In Quantum Dialogue she draws out the early historical development of quantum mechanics, which she describes as moving from a state of "concepts in flux" into one in which "this dialogical flux is flattened into a monological narrative". Beller puts the theory's historical development into a critical perspective, drawing upon works by philosophers of science Thomas Kuhn and Imre Lakatos. She describes how in the early years of quantum mechanics some physicists, particularly Niels Bohr, systematically shut down what the historian of science Olival Freire Jr. later termed "the controversy on the foundations and interpretation of quantum mechanics." The book received the Morris D. Forkosch Prize for the best book in intellectual history published in 1999.
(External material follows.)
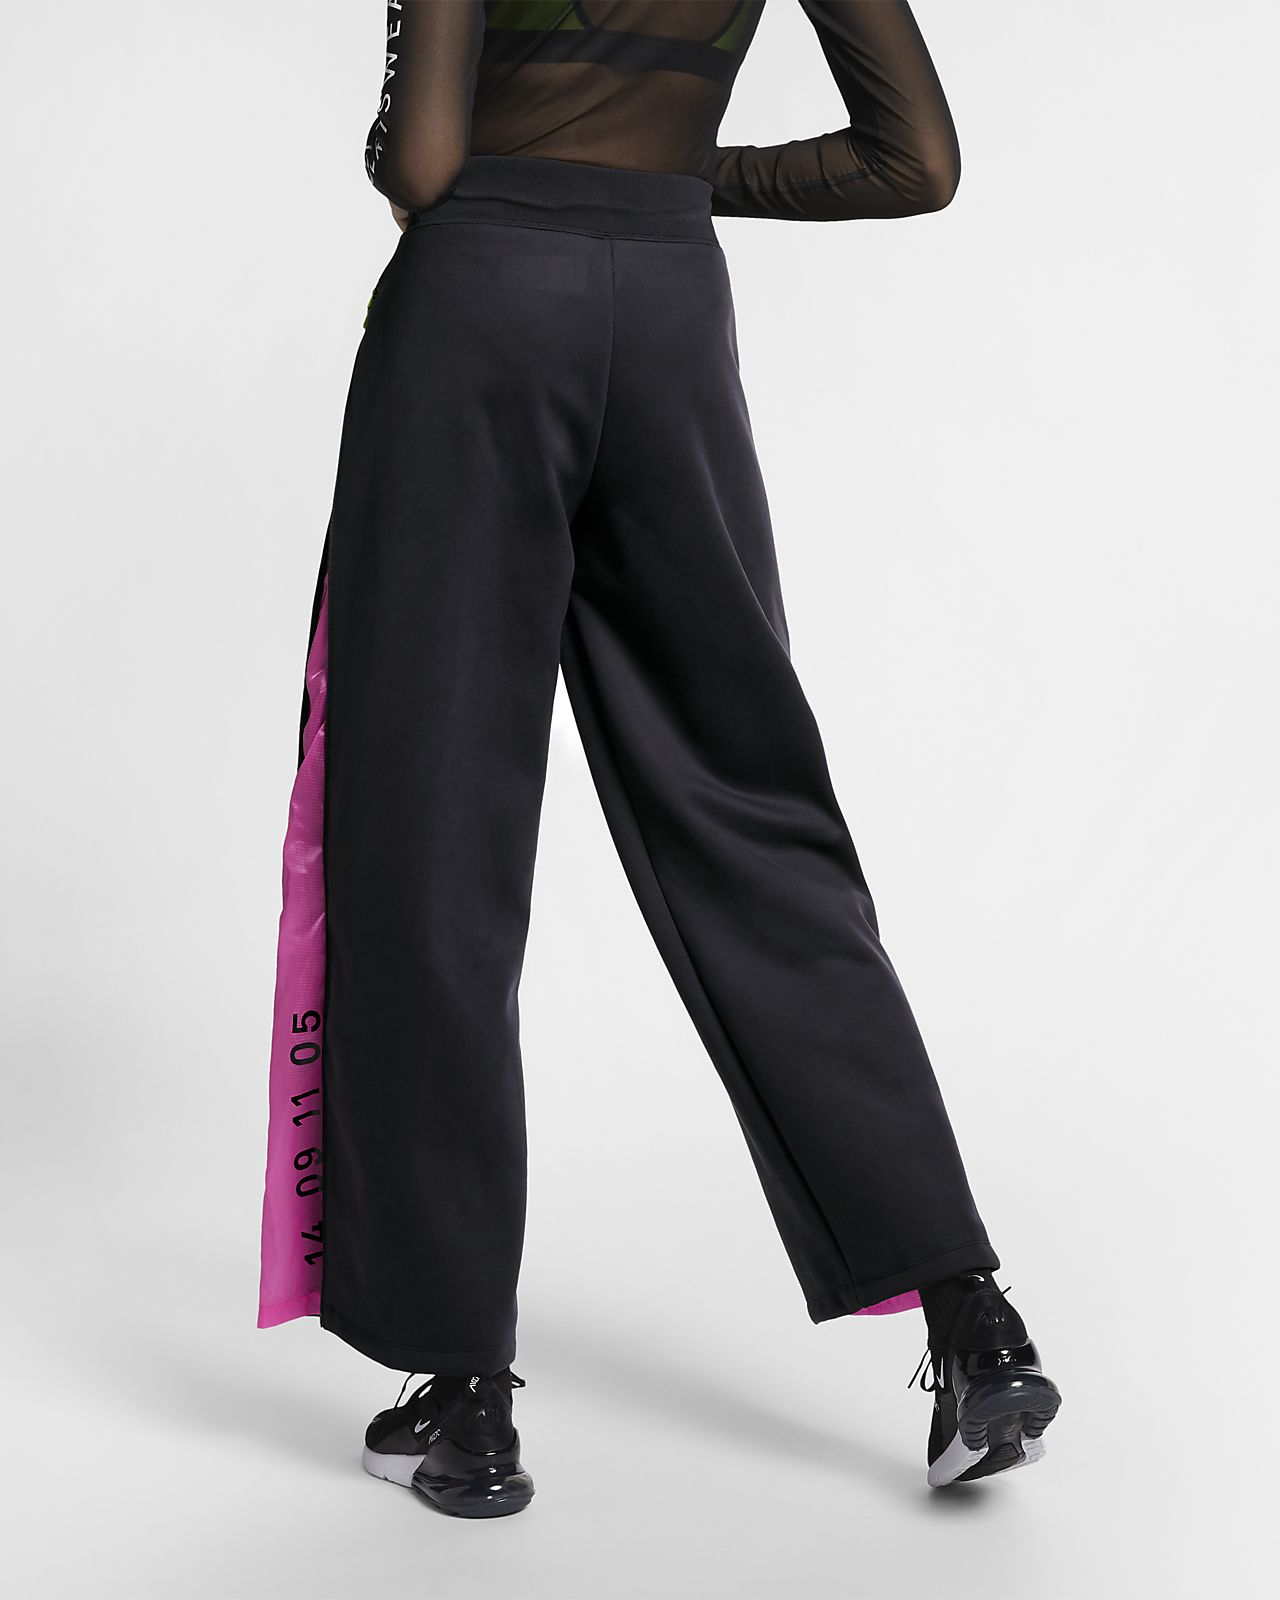 Nike Pantaloni Donna Sportwear Tech Fleece Nero Consegna

Beller took a public position in the science wars with her short paper "The Sokal Hoax: At Whom Are We Laughing?". The paper was a response to the Sokal affair and received widespread attention: in a letter to Physics Today on April 7, 1999, Jean Bricmont and Alan Sokal responded to it as well as to an article by David Mermin. The magazine published their letter along with responses by Mermin and Beller. In her response, Beller argues for teaching alternatives to the Copenhagen interpretation in quantum mechanics courses, concluding with the following words:

We need not "try to convince" each other. There is no need for us to agree. We will be amply rewarded if each of us emerges from the encounter with a little more insight and understanding than before.

In her later years, Beller wrote a play that features a fictitious love affair between the poet Marina Tsvetaeva and the physicist Albert Einstein. It was staged at the Hebrew University of Jerusalem in 2005, a few months after Beller's death.
=== Honors ===
Beller received the 1986 Zeitlin - Ver Brugge Prize for her article "Matrix Theory before Schrödinger".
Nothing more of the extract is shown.